• [About this task] A verbatim transcription of the listing below is required, without its pictures.

• [Information provided]
== Segment start ==

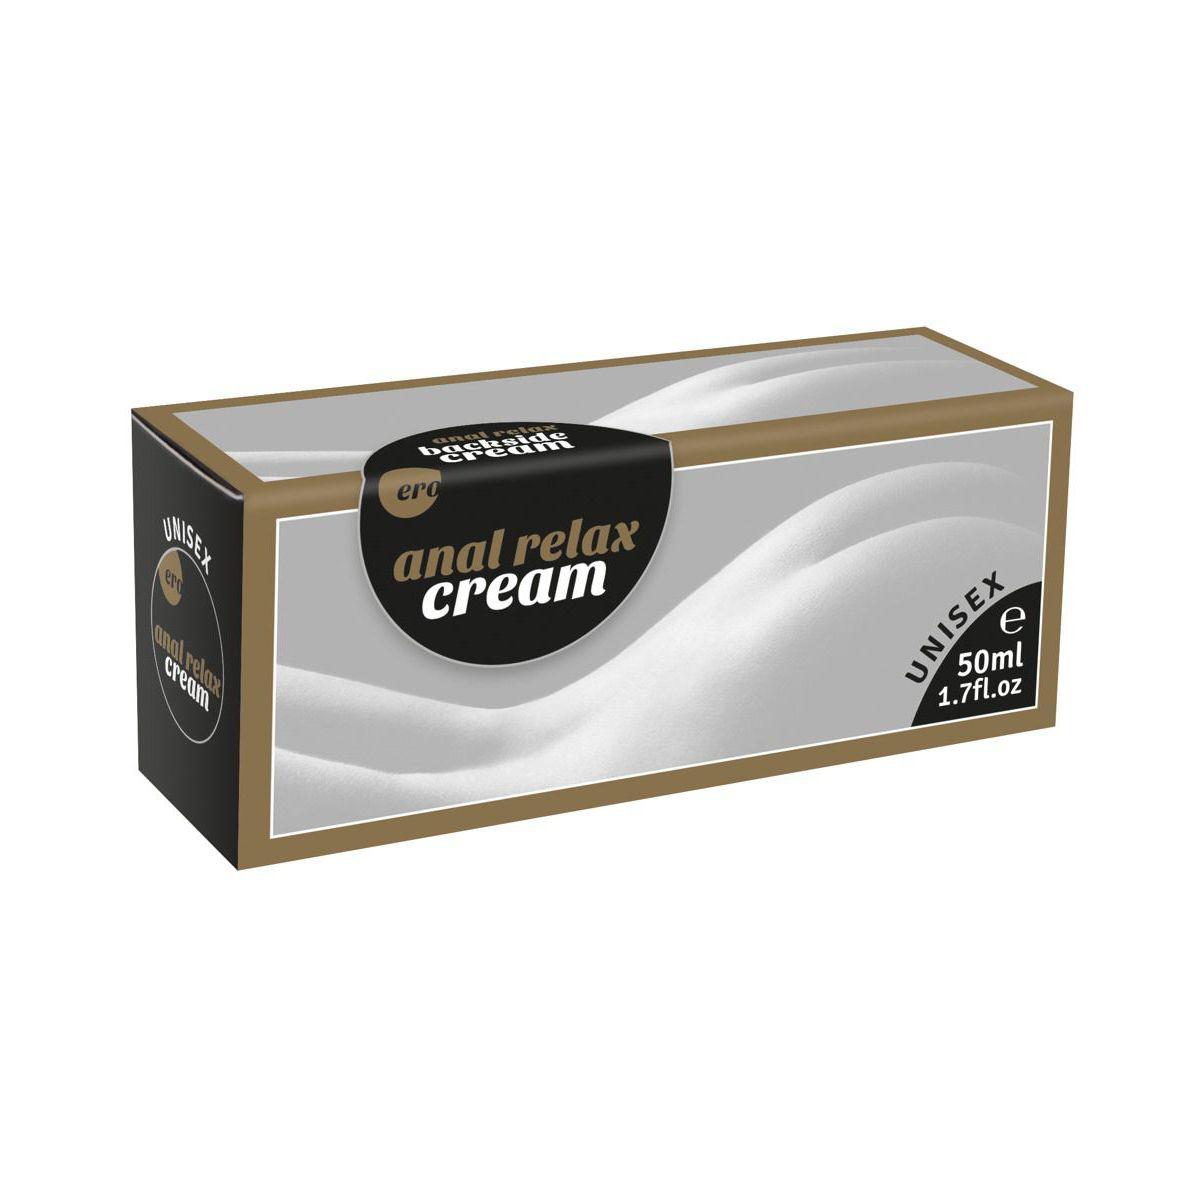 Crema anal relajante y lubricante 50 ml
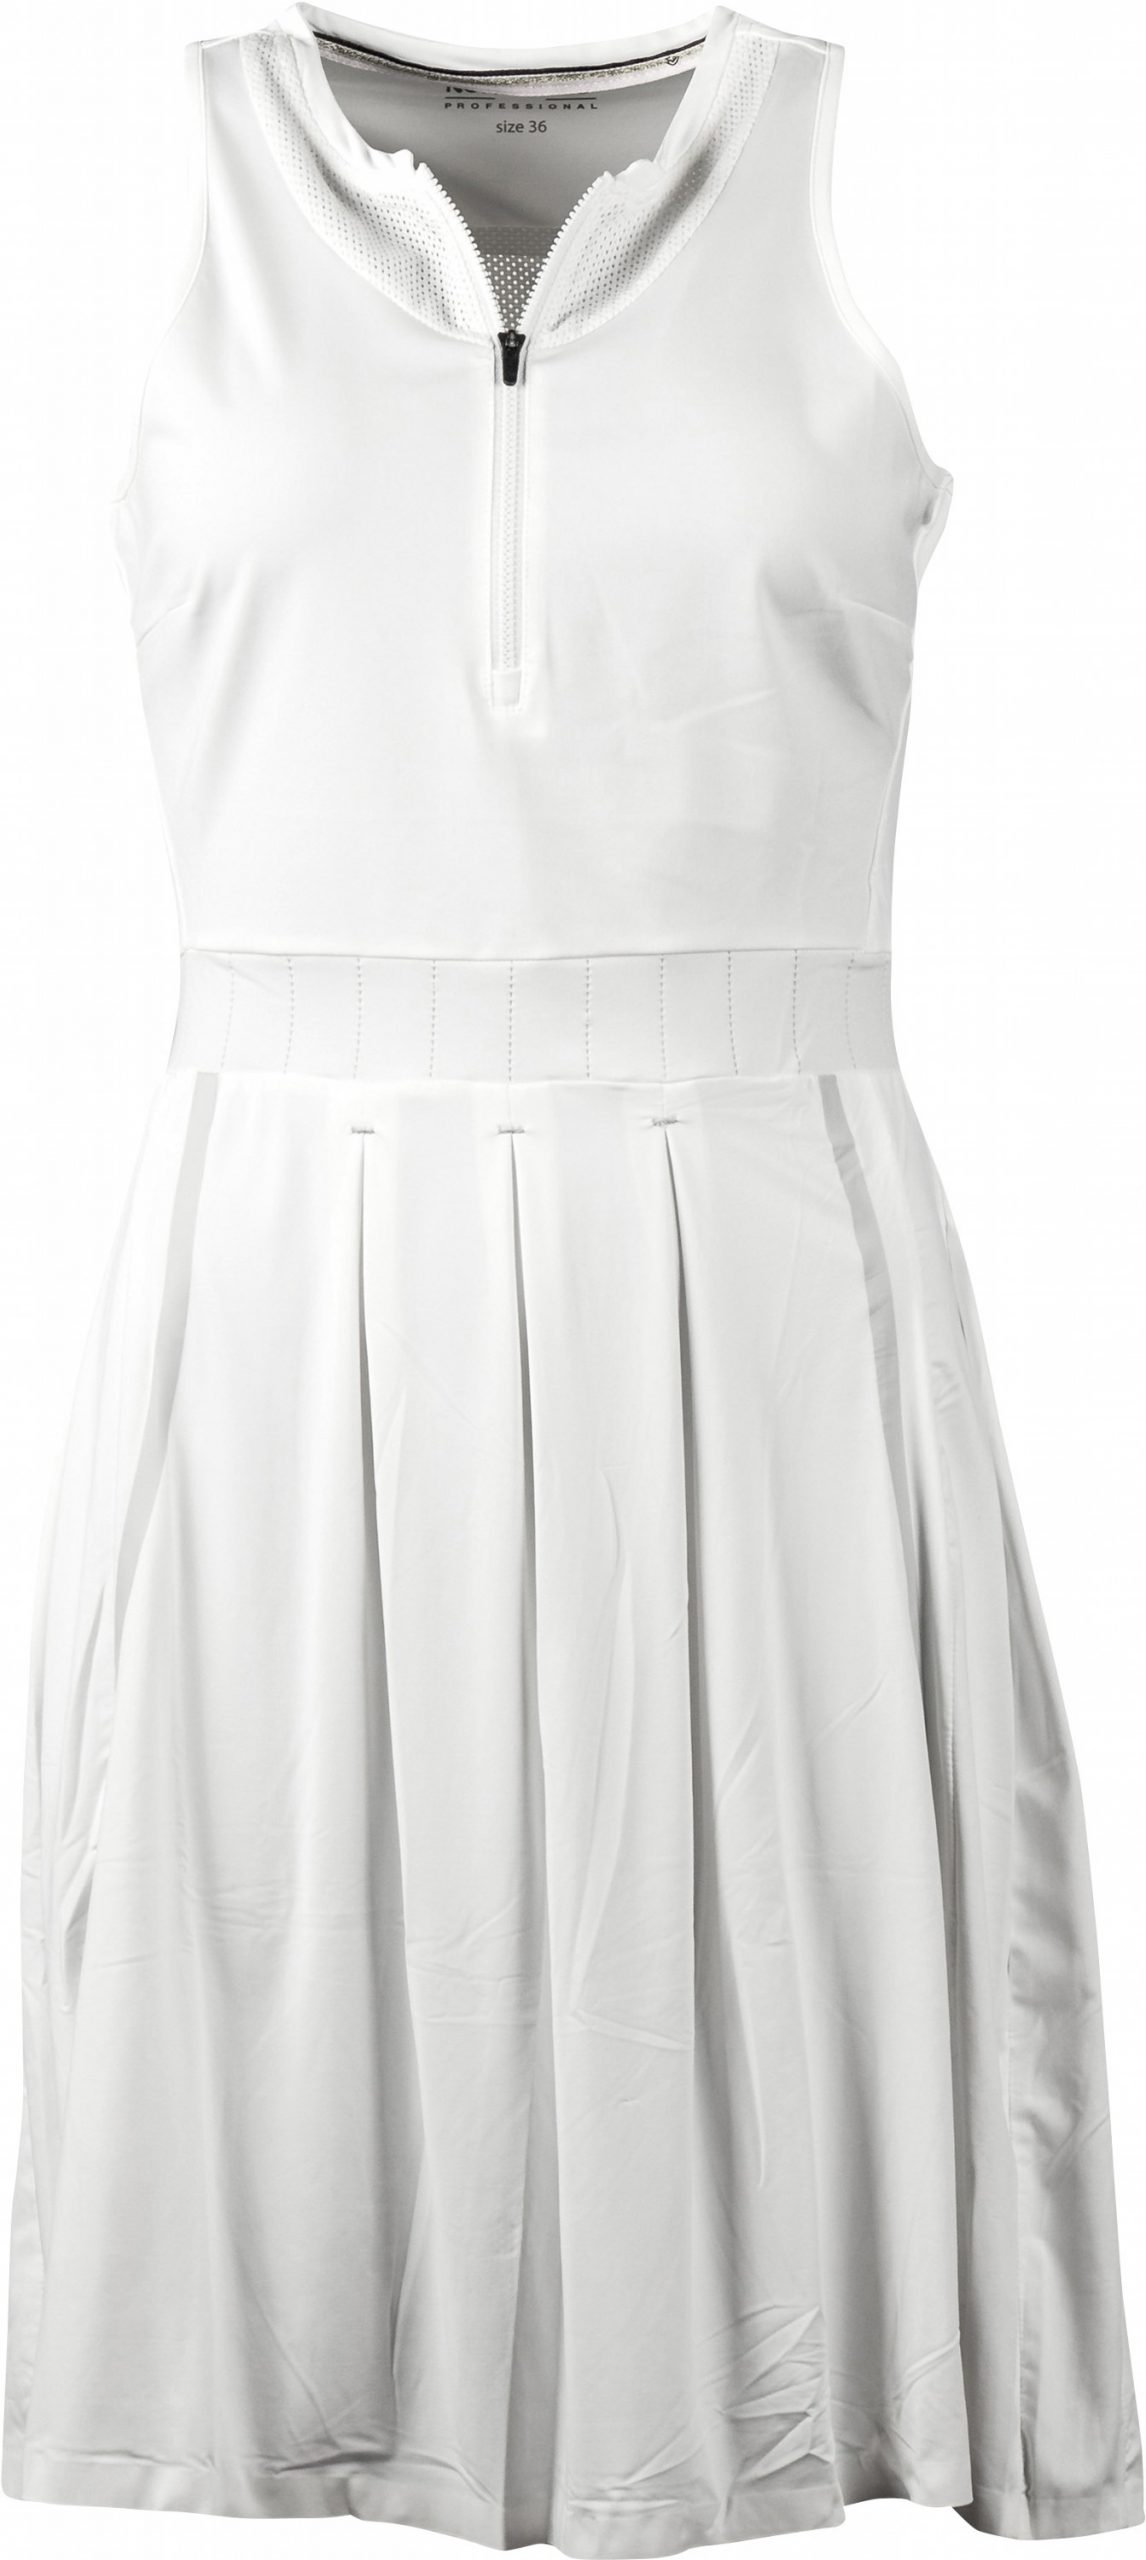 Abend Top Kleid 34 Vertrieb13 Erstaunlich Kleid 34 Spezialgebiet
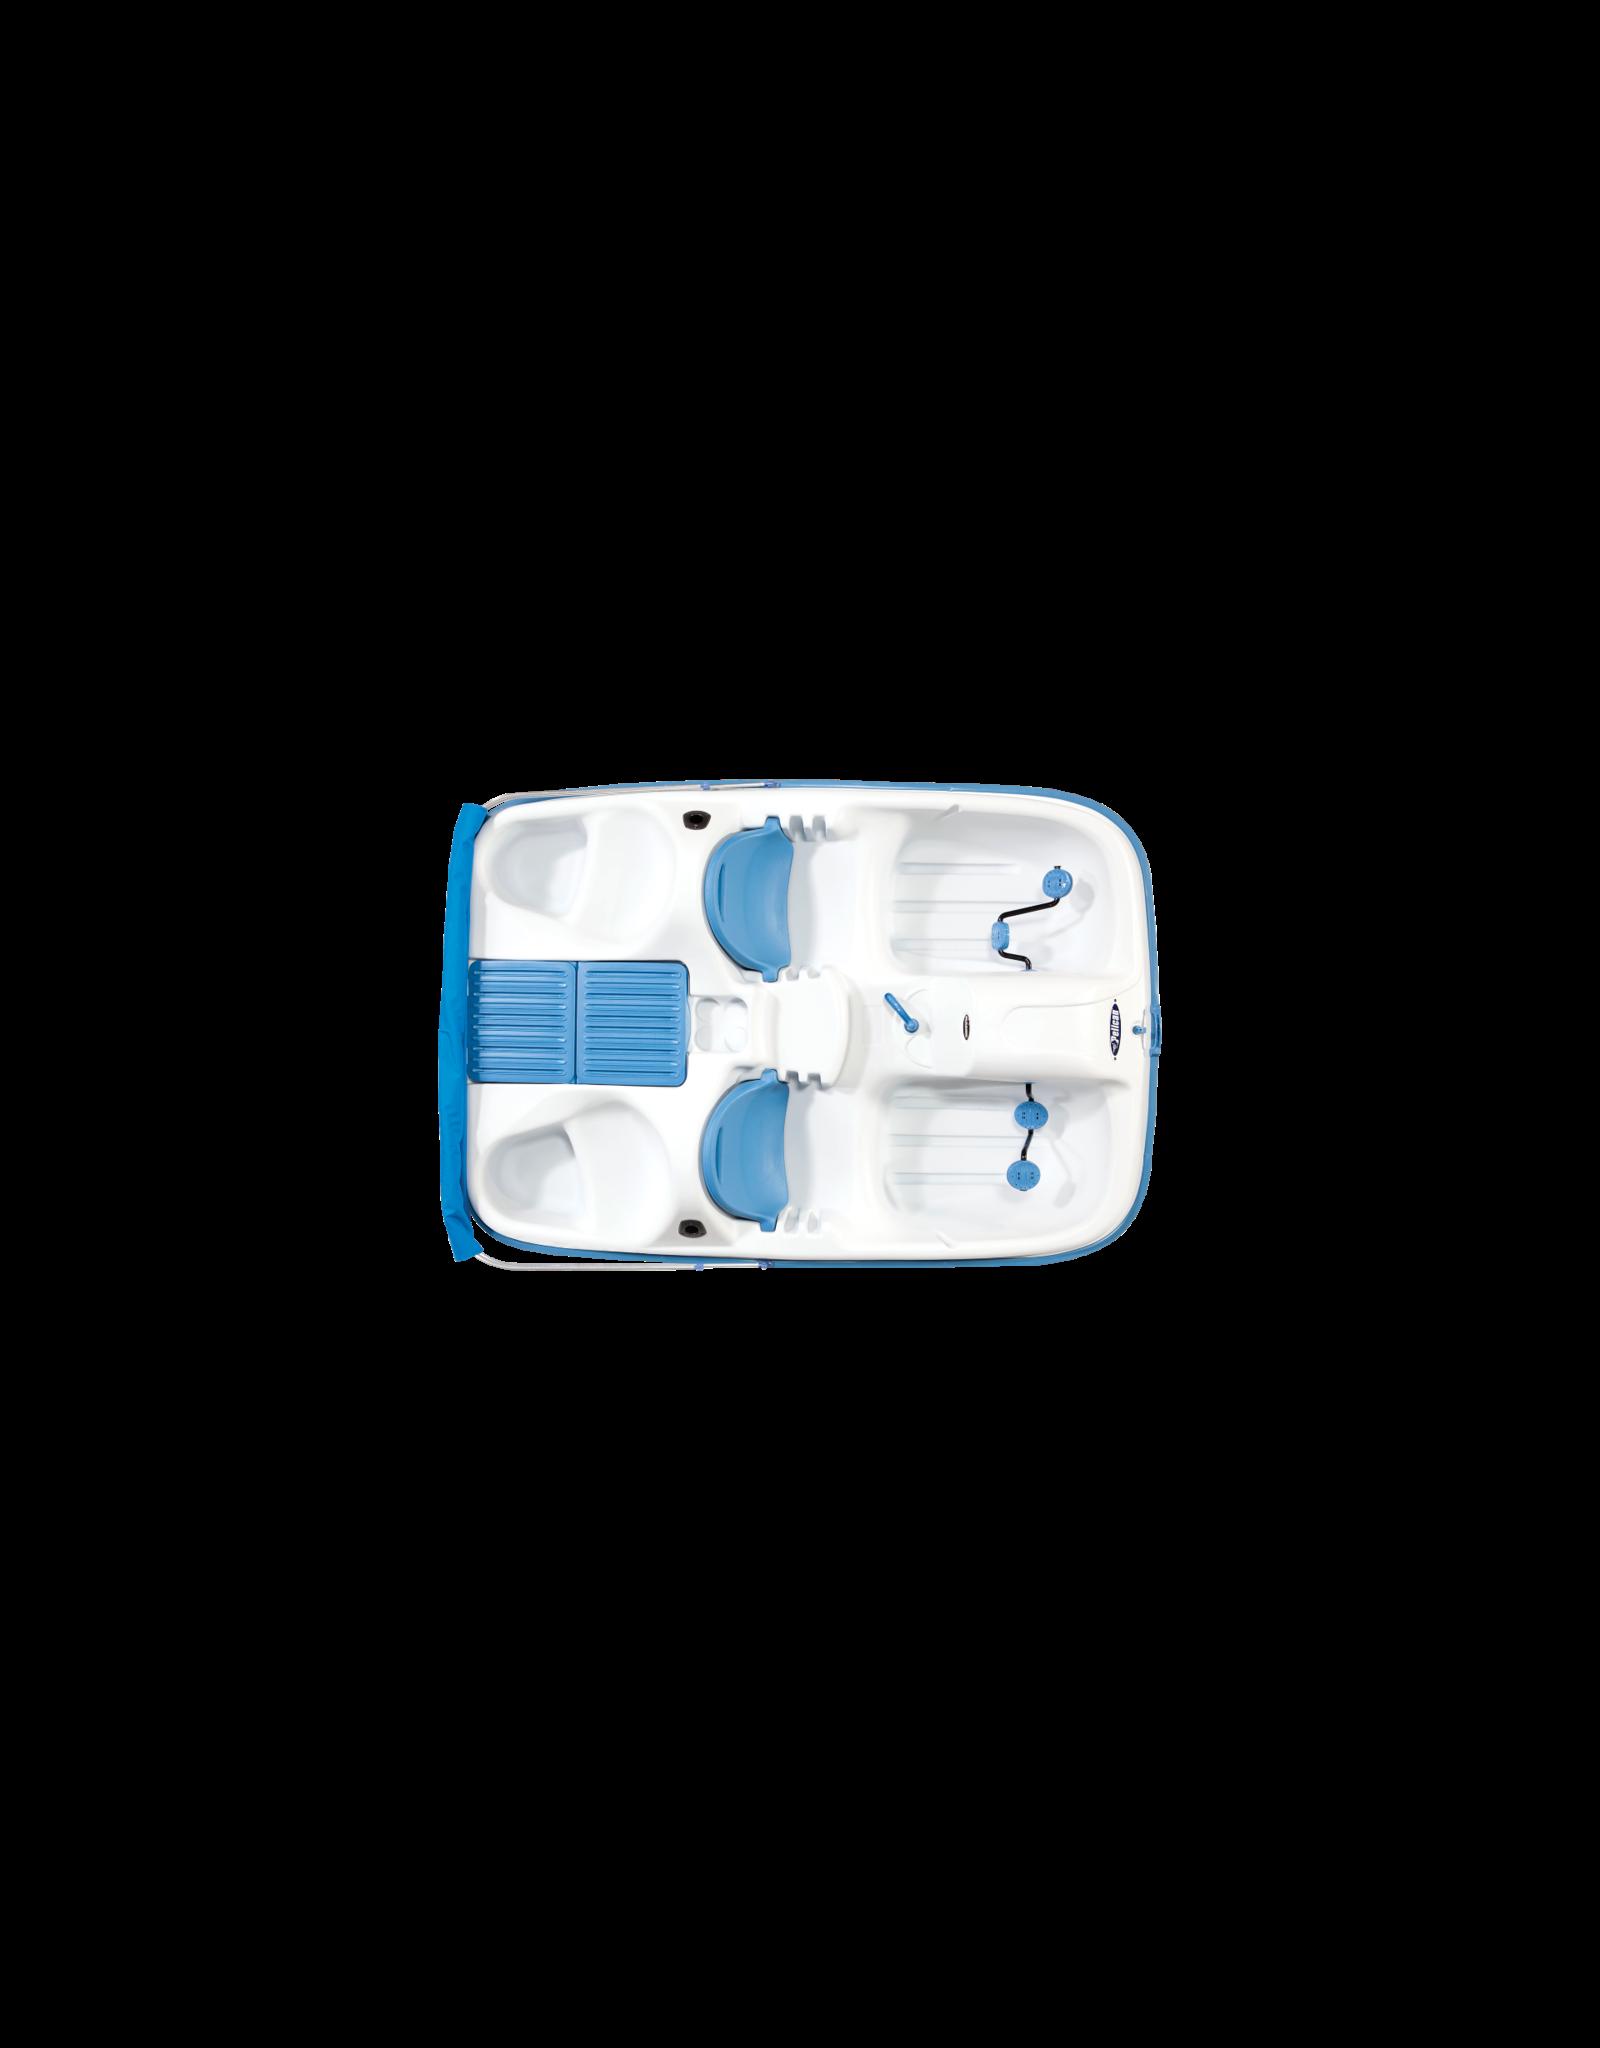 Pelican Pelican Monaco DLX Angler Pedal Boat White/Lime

== Segment end ==

• [Written answer]
 Crema anal relajante y lubricante 50 ml
 Abend Top Kleid 34 Vertrieb13 Erstaunlich Kleid 34 Spezialgebiet
 Pelican Pelican Monaco DLX Angler Pedal Boat White/Lime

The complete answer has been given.